Zeng Lin and Coauthors Robert Sweet from Lakehead University and Paul Anisef from York University examine the transitions from school to work for university students who have chosen liberal arts or vocational education in Canada.
The theoretical perspective employed in developing a model for labor market outcomes to university graduates relates to the work of Beck who argues that we now live in a "risk society" where school-work transitions are no longer linear. Transitions to work are more uncertain than in the past. In this study, the success of graduates school-to-work transitions are interpreted based on both structural (e.g., SES) and individual features (e.g., personal efforts). Within this framework of 'structured individualism', the balance between personal and structural influences on career building is explored. While considerable research has been conducted in Europe on the individualization hypothesis, there have been relatively few applications to American post-secondary education, especially in relationship to the debate of liberal arts or vocational education in higher learning.
Data for this study come from the National Graduate Survey, a nationally representative survey in Canada. Factor analyses were used to examine two major dependent variables: labor market outcomes and employability skills. These two dependent variables were separately regressed (linear regression) on gender, SES, age, ethnicity and fields of study. The research shows clear evidence that the labor market favors vocational over liberal arts graduates with regard to employment status, income, job security and continuity, and job satisfaction.

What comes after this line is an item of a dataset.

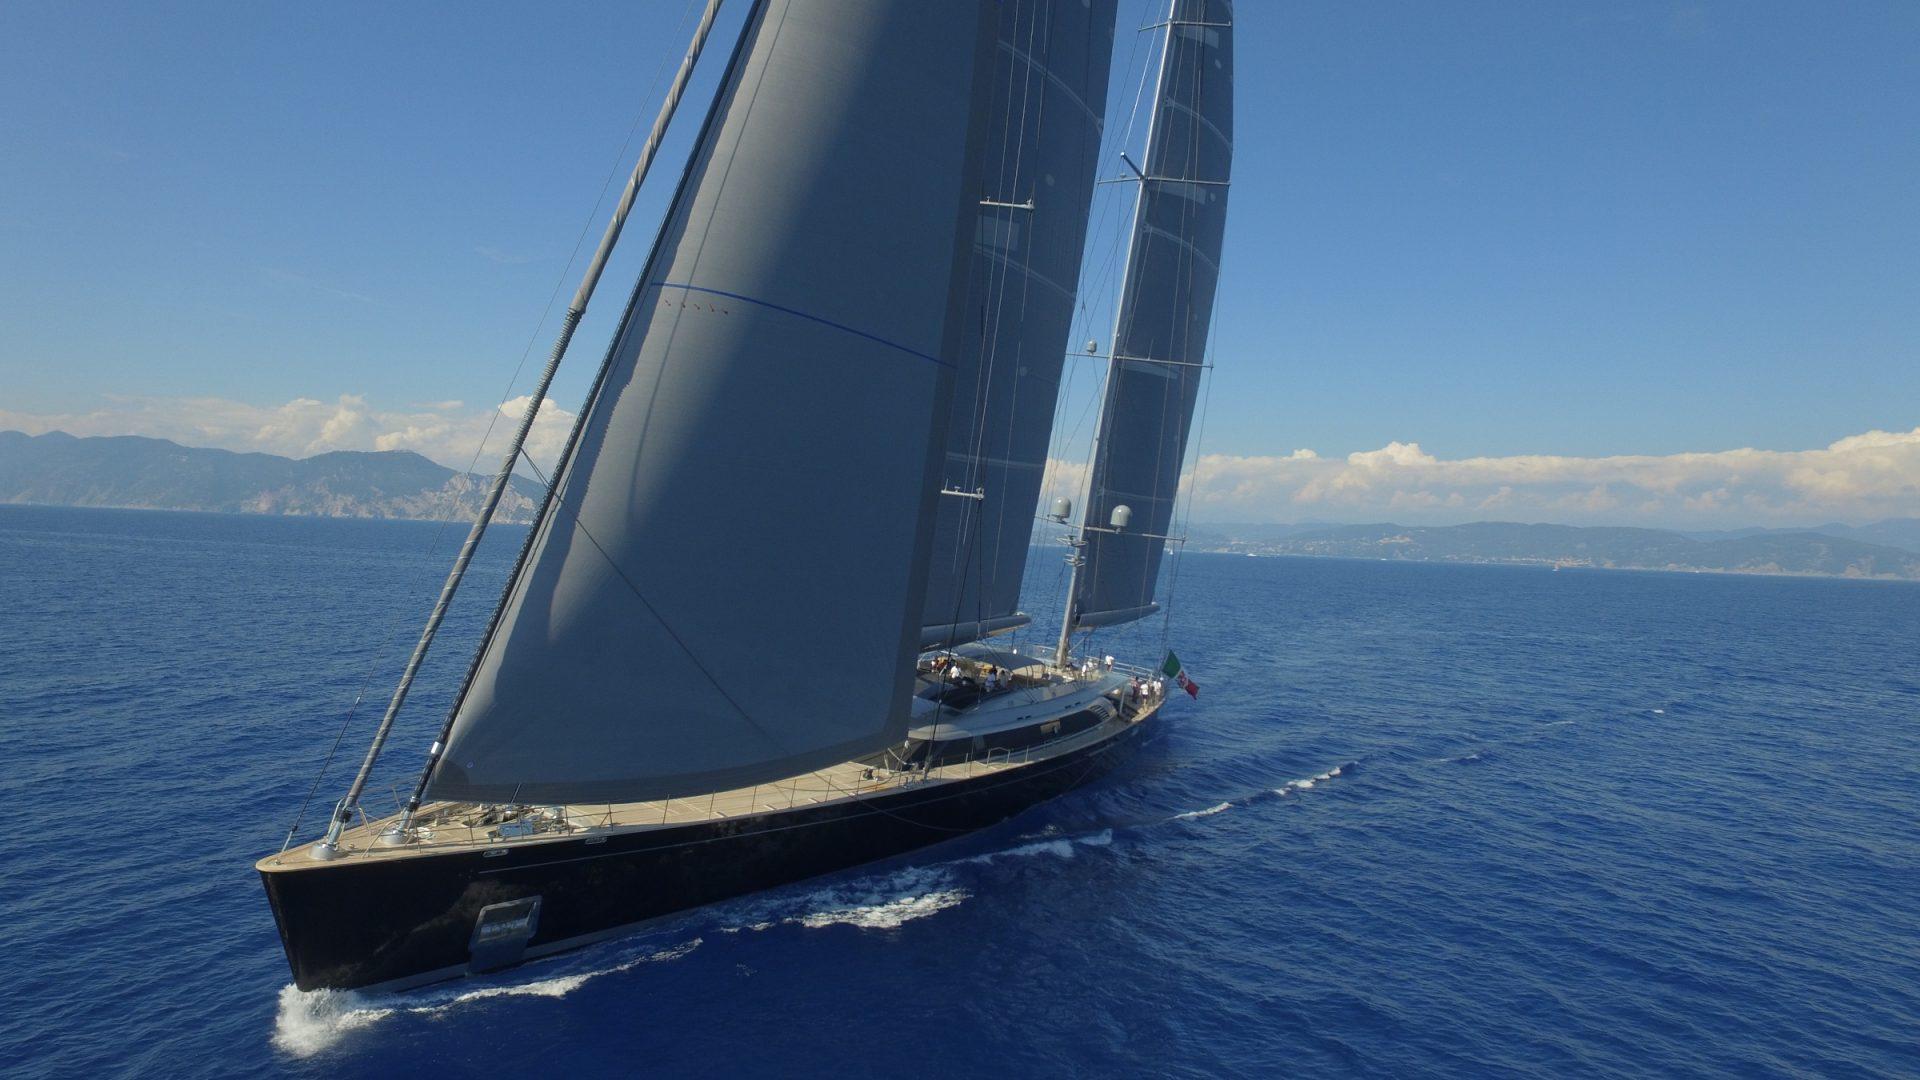 SYBARIS yacht Charter Brochure

In all instances, vocational graduates enjoy significantly greater labor market returns than liberal arts education graduates. However, what we found was a surprising lack of difference between liberal arts and vocational graduates in their employability skills (e.g., writing, speaking, decision-making, critical thinking and cooperative working). Employers were nevertheless more likely to utilize employability skills from vocational rather than liberal arts graduates. The equal employability skills and unequal labor market outcomes challenge the core values of higher learning.

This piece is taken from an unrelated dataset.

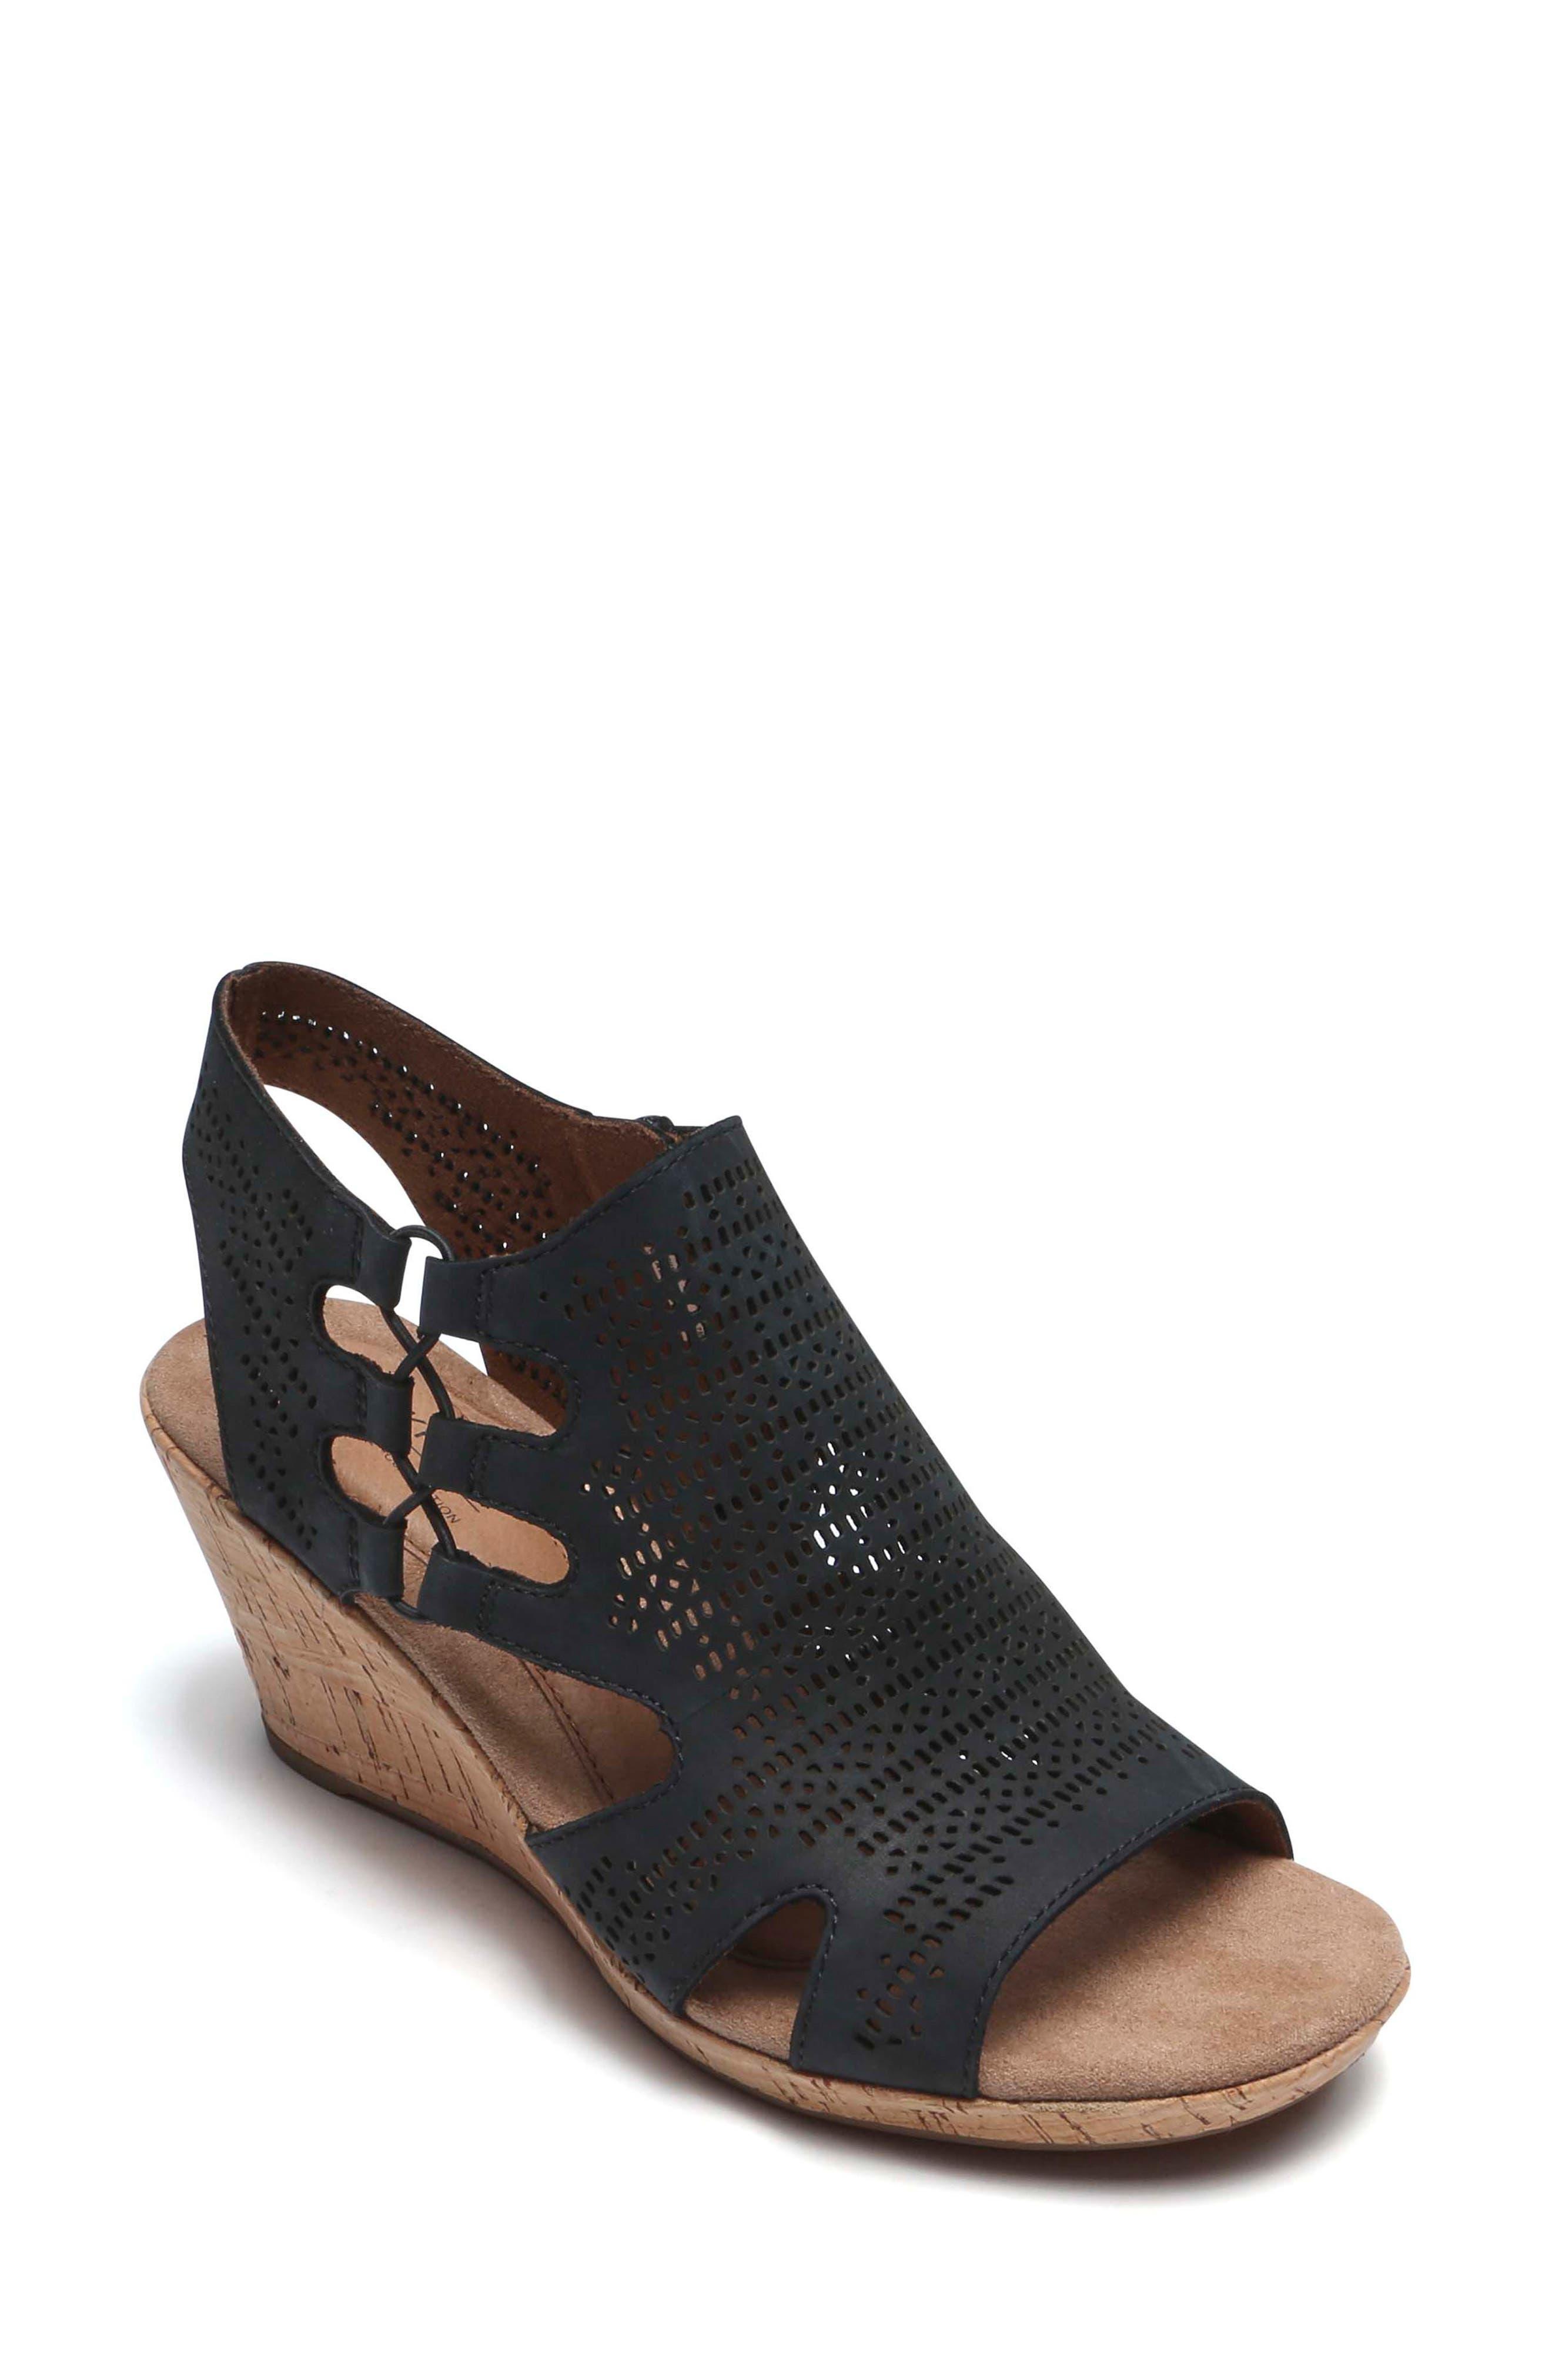 Janna Perforated Wedge Sandal,                             Main thumbnail 1, color,                             BLACK NUBUCK LEATHER

The editor of Higher Education Policy describes that the research touches one of core issues of higher education in North America, which is closely related to the tension between liberal and vocational education. The similar employability skills and different labor market outcomes reflect a biased cultural orientation against a broad knowledge-based higher education. The research results call for an embedded liberal arts education, which reconciles liberal arts and vocational education in the stage of mass postsecondary education. The new proposed policy will make relatively equal returns between liberal arts and vocational graduates, which will eventually make higher education more sustainable and healthy in Canada.
Beck, U. (1992). Risk Society: Towards a New Modernity. London: Sage Publication.
Lin, Z., Sweet, R., Anisef, P. (2003). Consequences and Policy Implications for University Students Who Have Chosen Liberal or Vocational Education in Canada: Labor Market Outcomes and Employability Skills. Higher Education Policy, 2003, Vol. 16, pp 55-85.